Your ultimate guide to Unit and Integration Testing

Unit testing is great for verifying small pieces of code. But what happens when your module interacts with others, and you need to test that interaction?

Enter Integration Testing.

There are medium and large scale integration tests. One could only exercise a couple of classes and another could spin up a live web server and executes REST calls against your web apis.

Today, I’m going to talk about the latter.

Integration Testing

The allure of full integration tests exists for any application.

Most likely, your team has a set of manual tests they execute on every change, which can be tedious and time consuming. As a developer your job is to automate everything, so it would be nice to automate these as well.

My words of warning: be careful what you try to automate.

My Experience

I began my career at Google as a Software Engineer in Test. As part of that job, I built large scale integration test frameworks.

My first team was Webmaster Tools, a largish web property with a considerable amount of traffic. Essentially, web masters use Webmaster Tools to control how their site appears in Google. You can use the product to remove web pages from search results and to get basic analytics about what search terms your site is ranking for.

On the technology side, Webmaster Tools was a Java server talking to a BigTable database using the Google Closure libraries for JavaScript.
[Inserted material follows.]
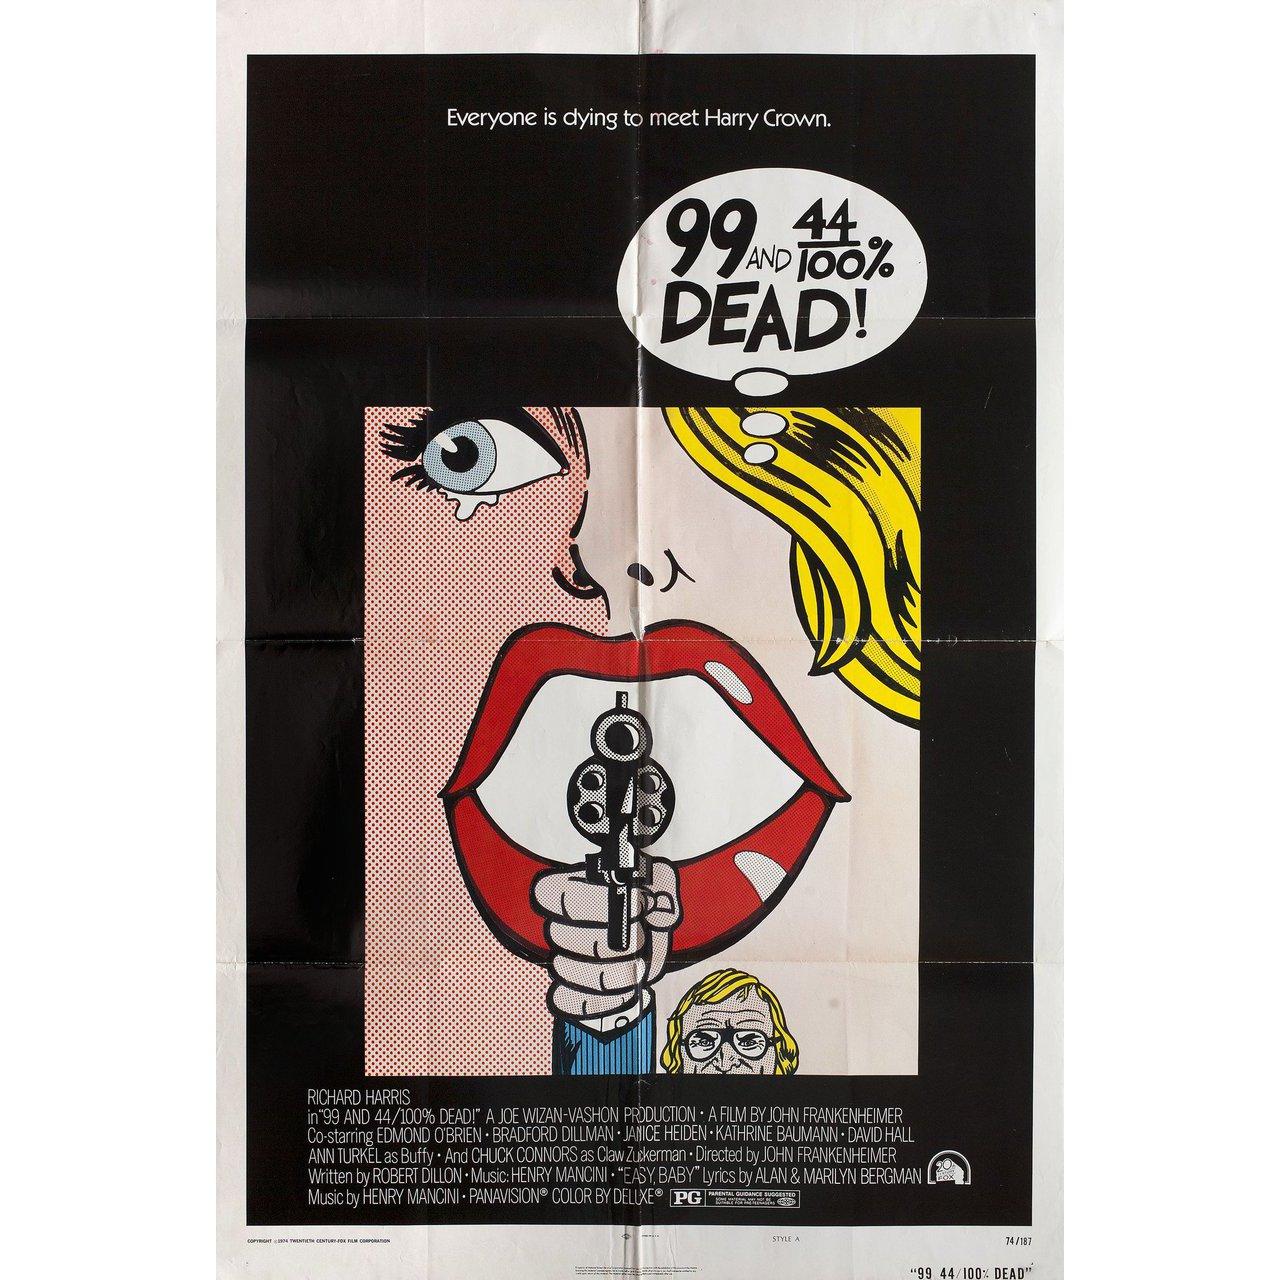 Original 1974 U.S. one sheet poster by Bill Gold for. Very good condition, folded. Many original posters were issued folded or were subsequently folded. Please note: the size is stated in inches and the actual size can vary by an inch or more.
  

We also had a bunch of back-end jobs to generate data and populate the database.

We were on a monthly release cycle. Code freeze would happen a week or two before launch, and QA would begin.

We had one manual tester who would play with the whole site before every single release. He would file bugs, the developers would fix them, and we’d integrate the fixes into the release branch. This process repeated until we signed off on the release, at which point we’d set the new code live, doing a standard rolling release until all of our production jobs were updated.

As a software engineer in test, my first inclination was to try to reduce the amount of manual testing going on, so I began work on a regression test framework using WebDriver (now Selenium 2.0).

Essentially, the framework would spin up a live web server with real data, and then we’d hit the server using a scripted web browser. We’d repeat the test in all the popular browsers, and the whole process was automated and run in parallel using Google’s cool test infrastructure.

The whole thing worked, and I was able to automate a dozen or so of the manual test plans.

Problems

Flakiness

As your test size increases, the number of failure points increases exponentially. The result is increased flakiness, or tests failing for reasons other than a legitimate failure. While our system worked, it was extremely flaky. We were using live servers with a live database, live user accounts, everything.

We had to solve all sorts of issues.

First, each test needed a unique user account to prevent corrupted data when tests ran in parallel. Fortunately Google had a system for checking out and locking accounts.

Next, we were dealing with our QA database, which didn’t have nearly the capacity of our production systems. If the database went down, it was no big deal because the public would not see it, but this was problematic when writing tests. The database went down or experienced high latency several times a week, causing test timeouts and test failures.

Difficulty locating failures

When a test failed, we had trouble locating the cause of the failure. Being integration tests, they’re exercising your entire code base, so the failure could potentially be anywhere. Granted, if you’re testing the home page, your failure will probably be isolated to the code that runs the homepage, but it could also be anywhere in the 5-10 layers that support that page.

This made debugging tests difficult. Finding the bug in unit tests is relatively easy, but finding the bugs in integration took 2-3X as much time.

Originally we ran the integration tests along with all the other unit tests in the presubmit queue. Anytime a developer tried to submit code, they had to run this entire test suite.

But the difficulty in debugging the integration tests, plus their flakiness, eventually forced us to remove them from the submission flow. They were taking too much of our developers’ time and not providing enough legitimate failures.

When can Integration Tests Work?

Ok, so integration tests have problems. But what situations will they actually work in?

1) Using a mock database

One of the issues with our tests on Webmaster Tools was the faulty link between our front-ends and the testing BigTable.

If you can, I would use a fake database. Unfortunately for us, doing that and populating it with fake data would have been too much work, so we never did, but it would have drastically reduced the flakiness of our tests.

If you can’t use a mock database, at least try to run it on the same machine as your web server. Then you won’t have the flaky network link between the two.

2) Avoiding Browser Level Tests

I would avoid browser tests whenever possible, unless they’re as simple as say, opening the homepage and verifying your logo shows up.

Browser based DOM tests are just too complicated. Timing is a huge part of them – waiting for elements to appear or text to show up after you press a button. If anything takes too long, your test will fail.

Differences between browsers add another layer of complexity.

If you’re going to do DOM testing, it’s best to keep as JavaScript unit tests.